Cassazione civile, sez. I 02 aprile 2007, n. 8221 - Pres. Proto - Est. Salvato.

Società per azioni - Costituzione - Modi di formazione del capitale - Modificazioni dell'atto costitutivo - Contenuto delle modificazioni - Riduzione del capitale - Per perdite - Solo Delibera di azzeramento e reintegrazione del capitale sociale - Adozione sulla base di situazione patrimoniale non aggiornata e assunta calcolando le perdite al lordo delle riserve - Nullità della deliberazione - Ragioni e fondamento - Fattispecie

Società per azioni - Organi sociali - Assemblea dei soci - Deliberazioni - Invalide - Nullità ed annullabilità - Presupposti rispettivi

In tema di società, le regole dettate dagli artt. 2446 e 2447 cod. civ., prevedenti, ai fini della riduzione del capitale sociale, le modalità con cui le disponibilità della società possono essere intaccate e la necessità del previo deposito della situazione patrimoniale aggiornata, sono strumentali alla tutela, non solo dell'interesse dei soci, ma anche dei terzi; è pertanto nulla la delibera di azzeramento e di reintegrazione del capitale sociale che sia stata adottata in base ad una situazione patrimoniale della società non aggiornata, e assunta sulla base di una determinazione delle perdite al lordo delle riserve. (Enunciando il principio di cui in massima, in un caso nel quale la delibera era stata adottata in base all'ultimo bilancio, redatto un anno prima, senza che risultasse se fosse stata o meno depositata la relazione sulla situazione patrimoniale, la Corte, cassando con rinvio la sentenza impugnata, ha precisato che il grado di aggiornamento della situazione va valutato in relazione a ciascun caso concreto, e che detta situazione patrimoniale può, eventualmente, essere anche surrogata dall'ultimo bilancio di esercizio, purché questo sia riferibile ad una data recente rispetto a quella di convocazione dell'assemblea, sempre che "medio tempore" non siano sopravvenuti fatti significativi). (massima ufficiale)
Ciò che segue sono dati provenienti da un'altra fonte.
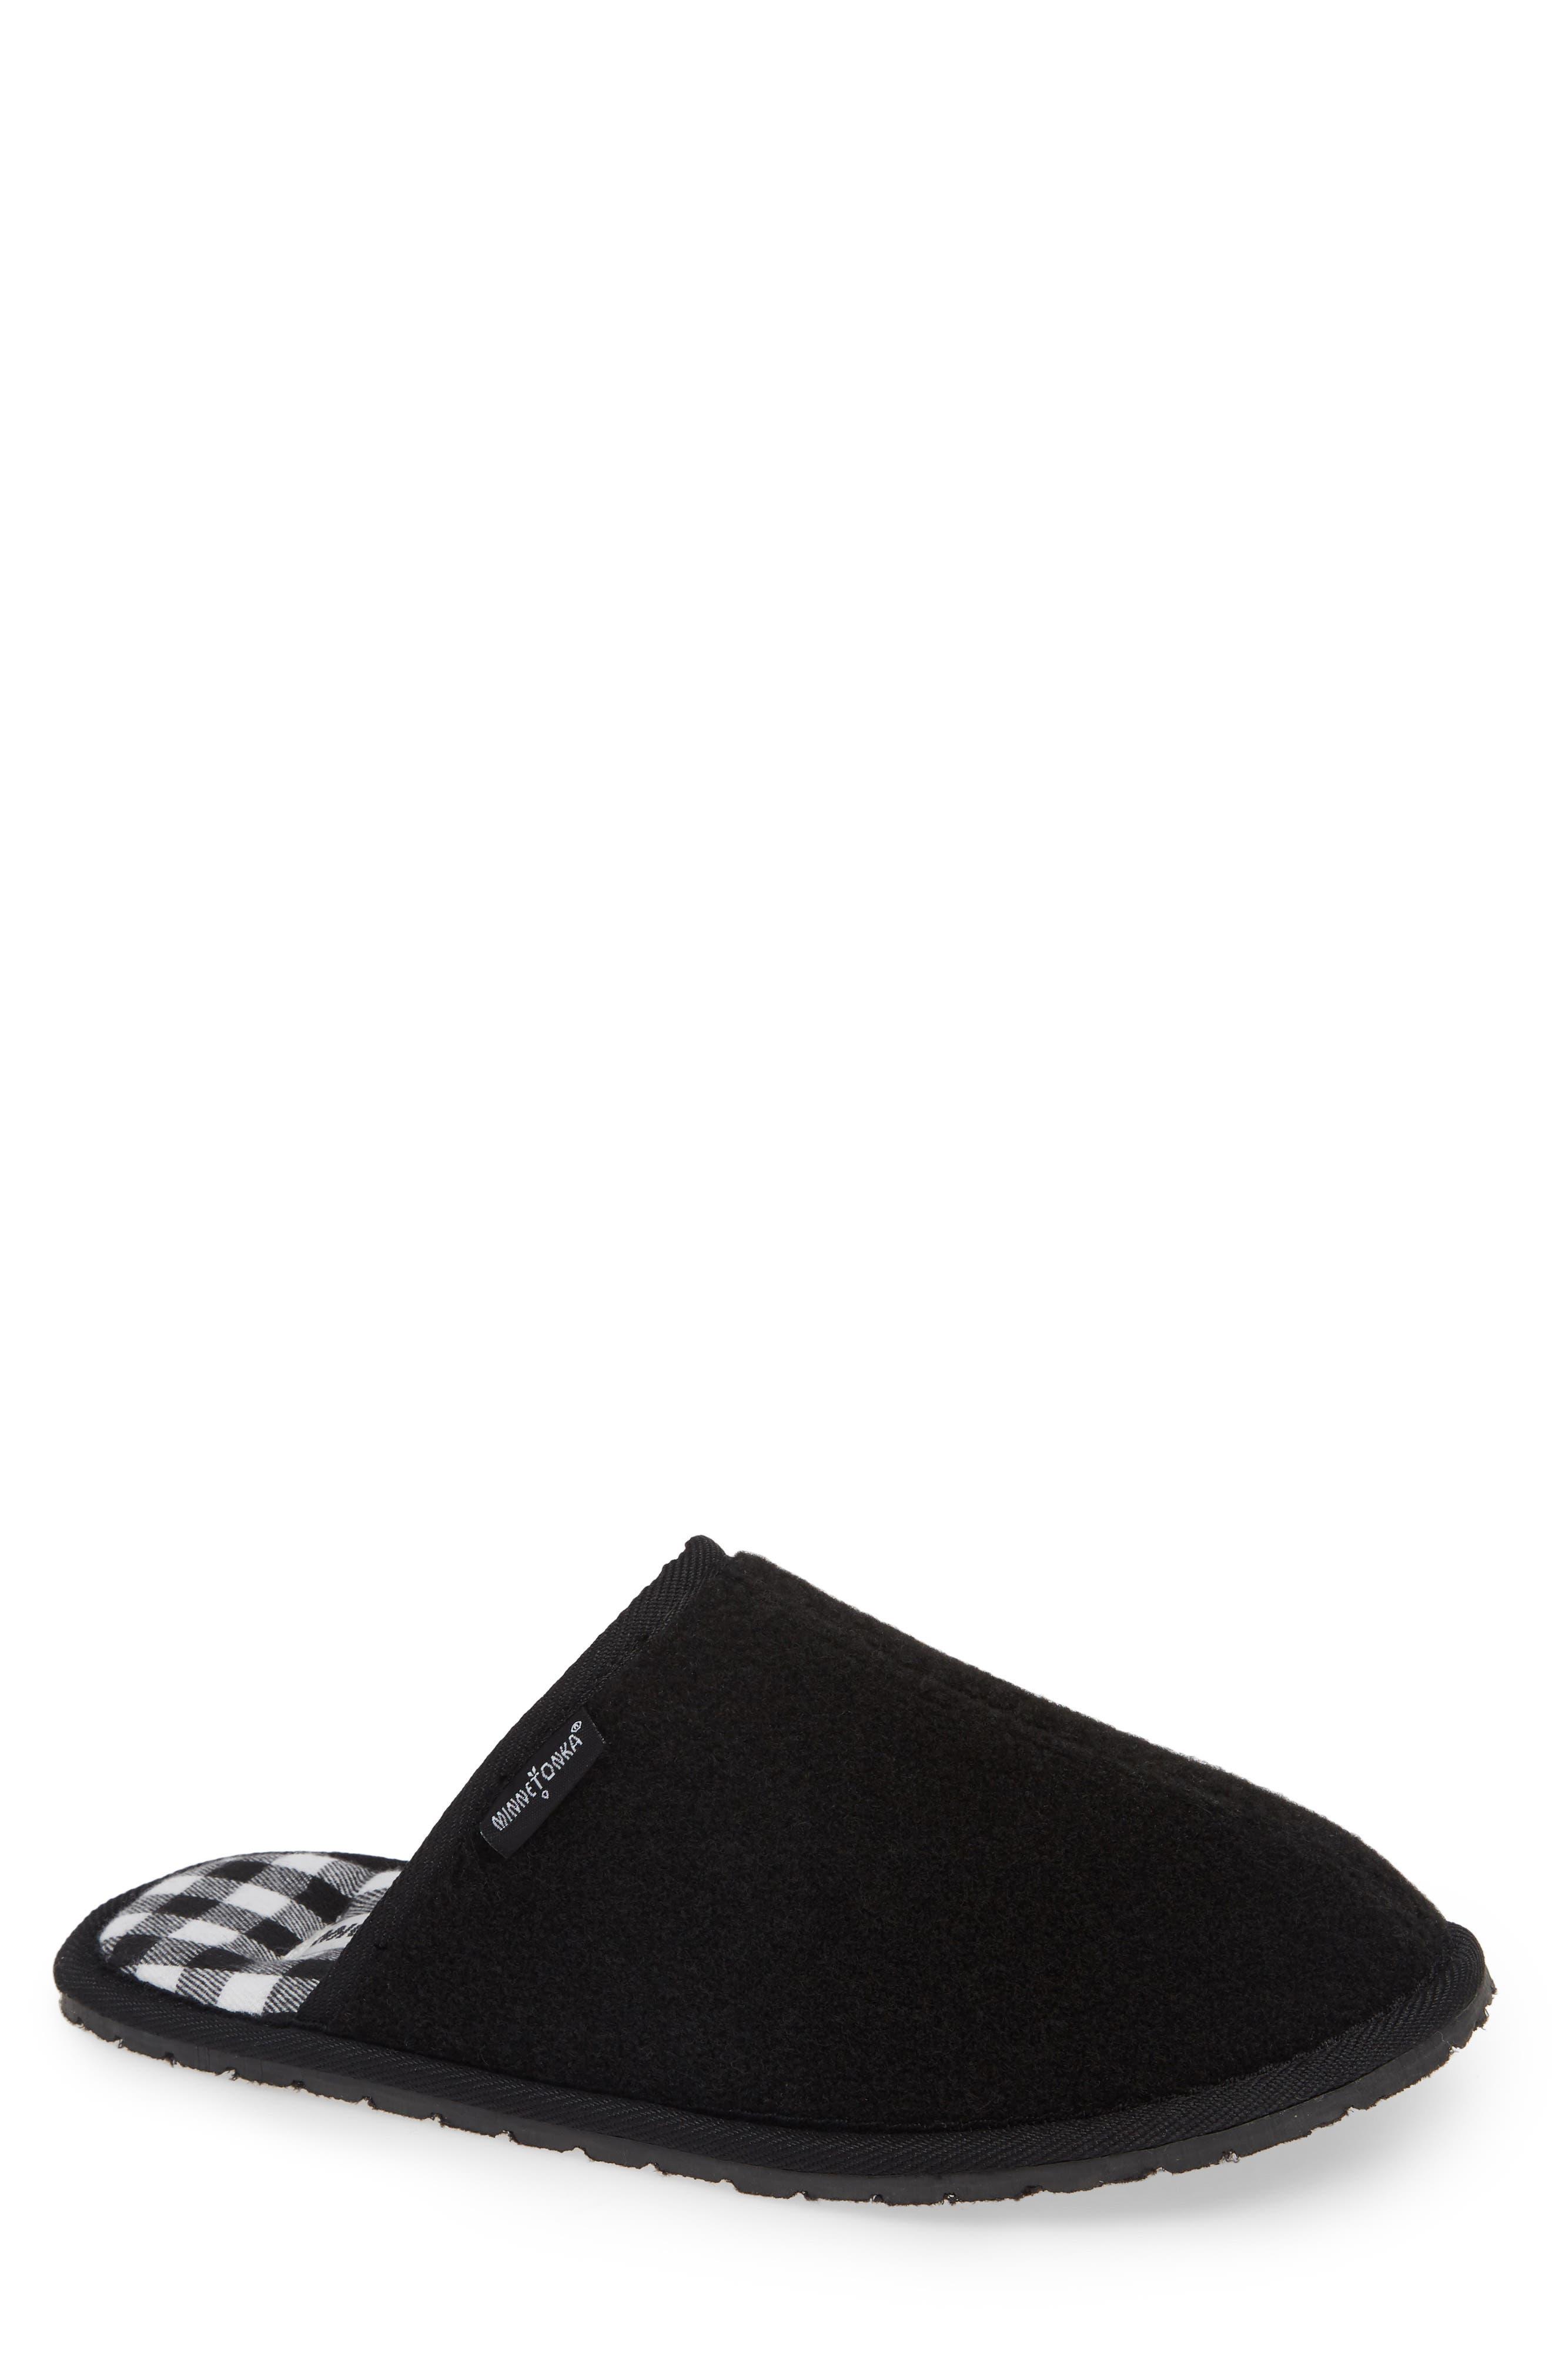 Franklin Scuff Slipper,                         Main,                         color, BLACK PLAID

In tema di invalidità delle deliberazioni dell'assemblea delle società per azioni, si ha un'inversione dei criteri regolatori del diritto negoziale, in quanto per esse vige il principio in virtù del quale la regola generale è quella dell'annullabilità (art. 2377 cod. civ.), mentre la previsione della nullità è limitata ai soli casi, disciplinati dall'art. 2379 cod. civ., di impossibilità o illiceità dell'oggetto, che ricorrono quando il contenuto della deliberazione contrasta con norme dettate a tutela degli interessi generali, che trascendono l'interesse del singolo socio, dirette ad impedire deviazioni dallo scopo economico-pratico del rapporto di società. (massima ufficiale)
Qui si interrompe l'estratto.